Wentz’s Mid-Week Thought by Pastor Mike

21
Aug

Wentz’s Family,

Today is the first day of school for many children, including my own daughter. For weeks now, I have overheard her conversations with her friends as they prepare for the new year. “How will I fit in? Will I have the right backpack? Will I have the right hairstyle? Will I say the right things?” High school is the ultimate microcosm of a judgmental world. Every pimple, every misspoken word, every little difference that makes one person unique becomes the potential for mockery and alienation.

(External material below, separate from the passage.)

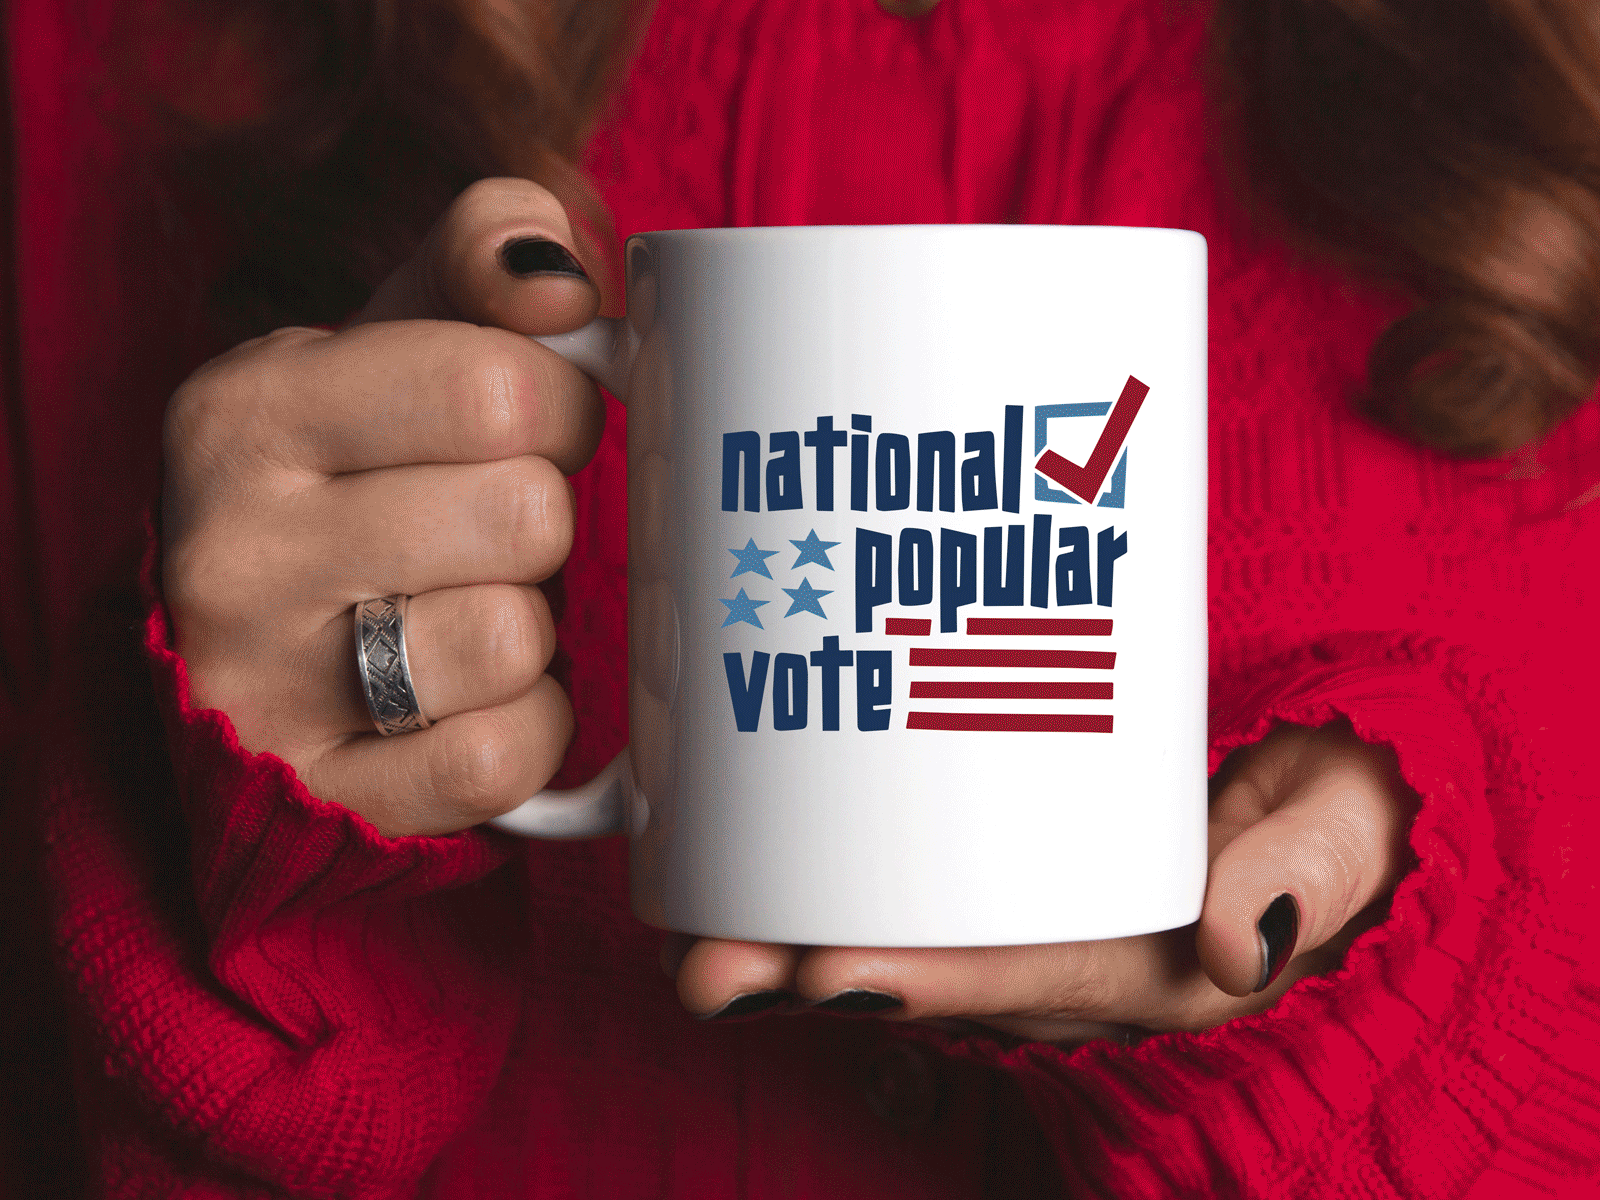 National Popular Vote

Of course, every school district in America claims to have a zero-tolerance policy on bullying, but anyone who has kids, was a kid, or is a kid knows that if every teenager who ever made fun of one of their classmates was suspended, then there would be no kids left to attend the school.

The impact of feeling different may be magnified in high school, but it certainly doesn’t end there. No matter how old we may get, we continue to see our differences pointed out and used by those seeking power to justify treating certain segments of society as less valuable or less respectable than others. It takes a conscious effort on our part to resist buying into the idea that someone who is different from us in one way must be different from us in most ways. It just isn’t true. Do not be deceived by those who would try to make you see anyone who is not just like you as if they were an enemy.  I leave you with the poetic wisdom of Maya Angelou in which she states, “In minor ways we differ; in major we’re the same…We are more alike, my friends, than we are unalike.”
 

HUMAN FAMILY by Maya Angelou

I note the obvious differences
in the human family.
Some of us are serious,
some thrive on comedy.

Some declare their lives are lived
as true profundity,
and others claim they really live
the real reality.

The variety of our skin tones
can confuse, bemuse, delight,
brown and pink and beige and purple,
tan and blue and white.

I’ve sailed upon the seven seas
and stopped in every land,
I’ve seen the wonders of the world
not yet one common man.

I know ten thousand women
called Jane and Mary Jane,
but I’ve not seen any two
who really were the same.

Mirror twins are different
although their features jibe,
and lovers think quite different thoughts
while lying side by side.

We love and lose in China,
we weep on England’s moors,
and laugh and moan in Guinea,
and thrive on Spanish shores.

We seek success in Finland,
are born and die in Maine.
In minor ways we differ,
in major we’re the same.

I note the obvious differences
between each sort and type,
but we are more alike, my friends,
than we are unalike.

We are more alike, my friends,
than we are unalike.

We are more alike, my friends,
than we are unalike.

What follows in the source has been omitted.